Well, this seems to be perfectly working for relatively small matrices of 100 000 elements and sizes of around 50 000 x 50 000.
However, when I input a bigger matrix, e.g. 480 000 x 171 000 with approx 6 million non-zero elements, the returned vector is all zeros. I have tried a lot of different matrices, it only works for the smaller ones. I have placed error catching statements after each device statement, however, it does not report anything. It simply returns my y_d vector of all 0 elements.

I’m using a 8600GT M GPU.

Any suggestions why this could be happening ?
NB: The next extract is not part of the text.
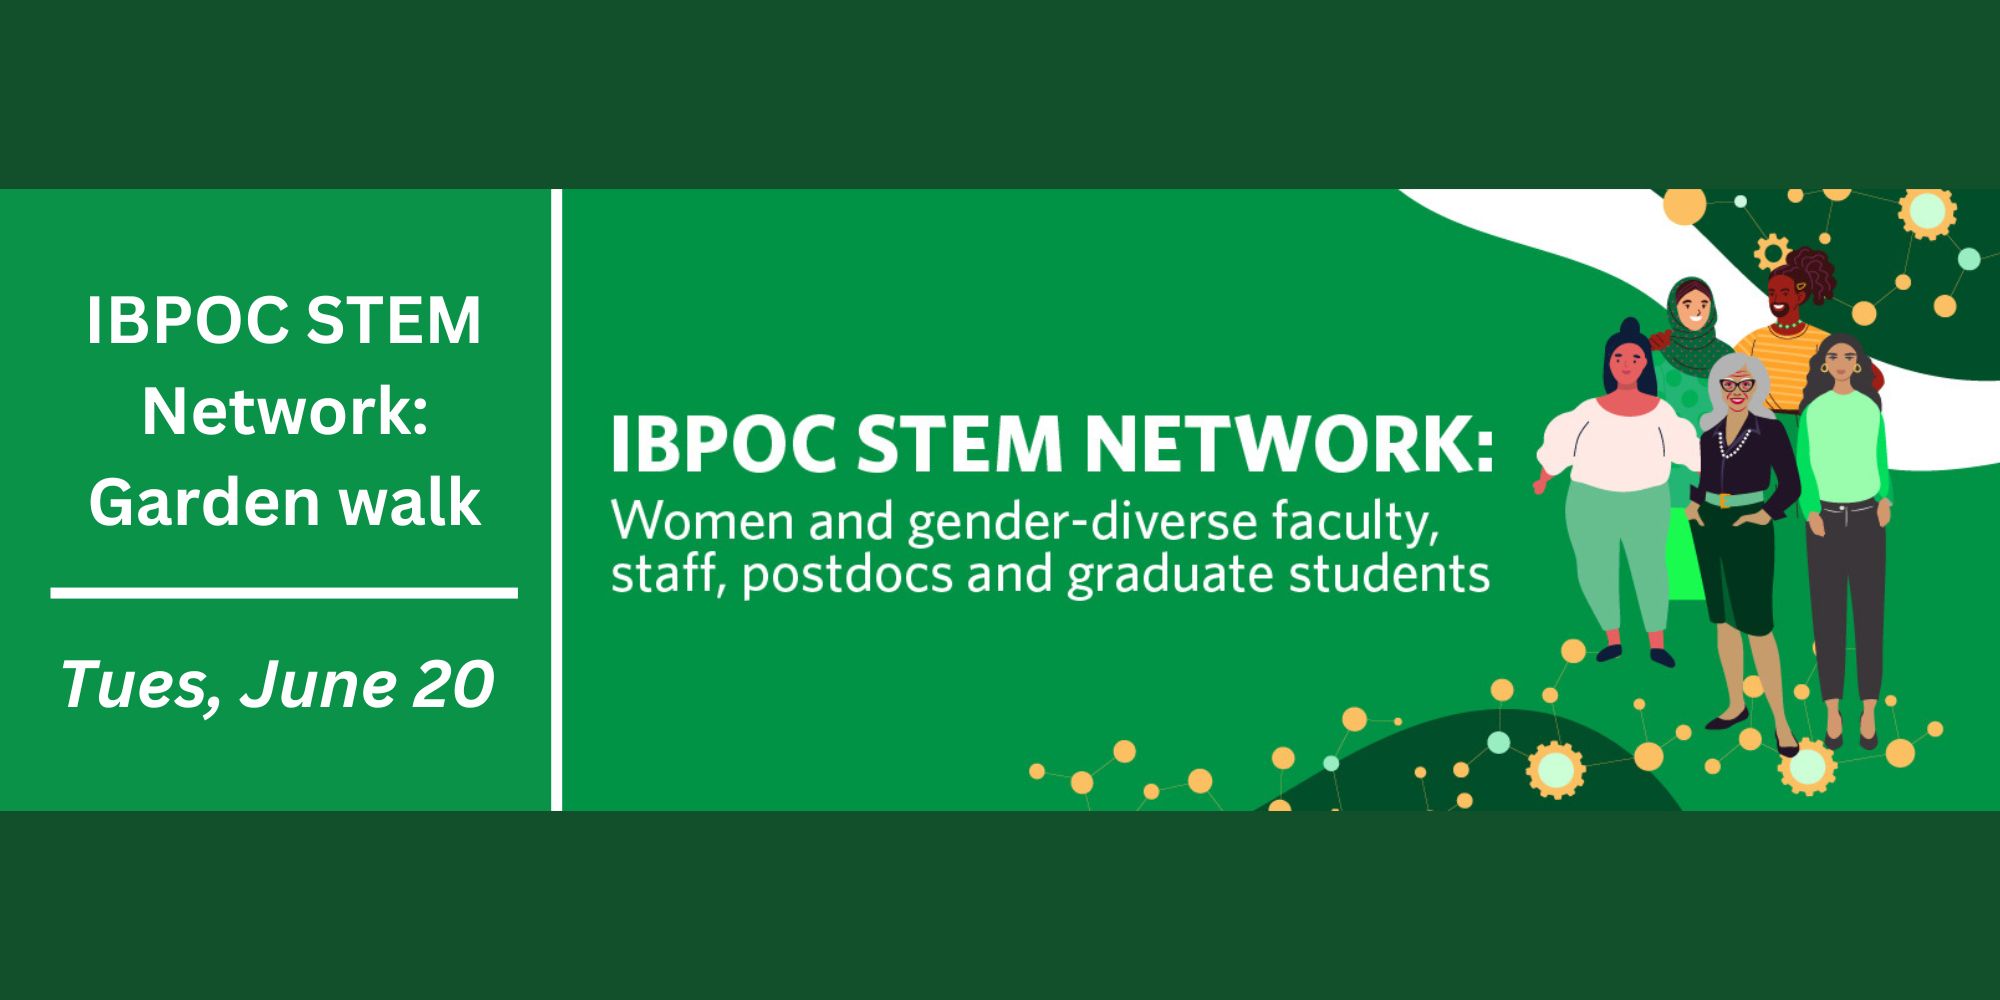 IBPOC STEM Network: Garden walk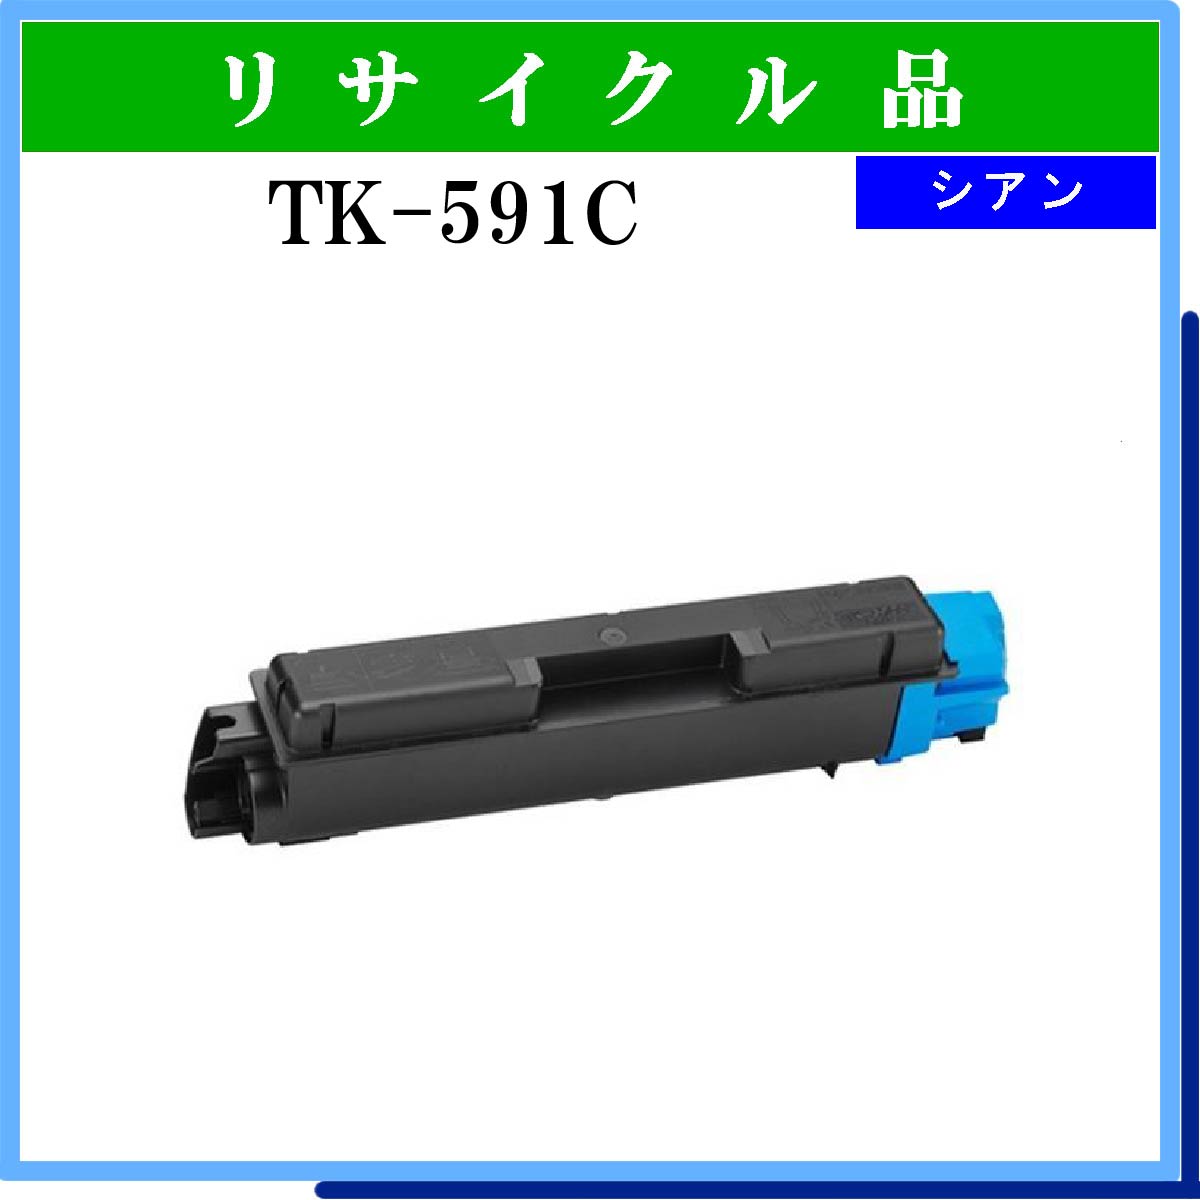 TK-591C

The display driver has a 5 second watchdog timer for CUDA kernels running on a GPU with an attached display. It is quite likely that the larger matrices take more than 5 seconds to execute and are getting killed by the driver. If you add some error handling after the kernel launch and check the return status things will become clearer.

It seems that it takes less than 5 seconds, because I have printf() before and after the SpMV <<< n_blocks, block_size >>> (csrNz_d, csrCols_d, csrRowStart_d, x_d, y_d, dim.M); and they happen almost instantly ( a lot less << than 5s)

An error handling as

err = cudaGetLastError();

if (err != cudaSuccess){

printf("!ERROR: %s\n", cudaGetErrorString( err ) );



} after it, does not catch anything.

Kernel launches are asynchronous, so your “happen almost instantly” is because the kernel has only been queued for launch, not executed. As a result, your error checking probably won’t catch the error, because it is checking too early. Try this:

err = cudaThreadSynchronize();

if (err != cudaSuccess){

	printf("!ERROR: %s\n", cudaGetErrorString( err ) );




and I suspect you might see something different.

Thanks avidday!

However, the output says “Unknown Error”, which is not very definitive.

Does that mean the kernel is queued but not executed because it would take more than 5s ?

Initially I thought it might be because of memory or block limits but I have checked everything and it goes as 82MBs of memory for the variables to be copied to the device and the number of blocks is 799 of 512 threads each.


I would have thought you would get a cudaErrorLaunchTimeout for a watchdog timer problem, but I am not 100% sure about that. There certainly isn’t any sort of speculative or predictive protection for execution timeouts. Every kernel which can be launched (ie all execution parameters are valid) will be. If it takes longer than 5 seconds, the watchdog timer will intervene. The only workarounds are either reduce the problem size or use a gpu without an active display attached (ie. a dedicated compute GPU). Invalid execution parameters or resource exhaustion should (at least in my experience) generate something other than cudaErrorUnknown.

All I can suggest is to wrap the kernel call and error checking code in a host side timer and see what the actual execution time is. Everything points to the kernel execution time exceeding 5 seconds (the watchdog timer certainly is 5 seconds on Linux, I don’t use other CUDA platforms much so it could be different) and being a watchdog timer problem, but there could be something else too.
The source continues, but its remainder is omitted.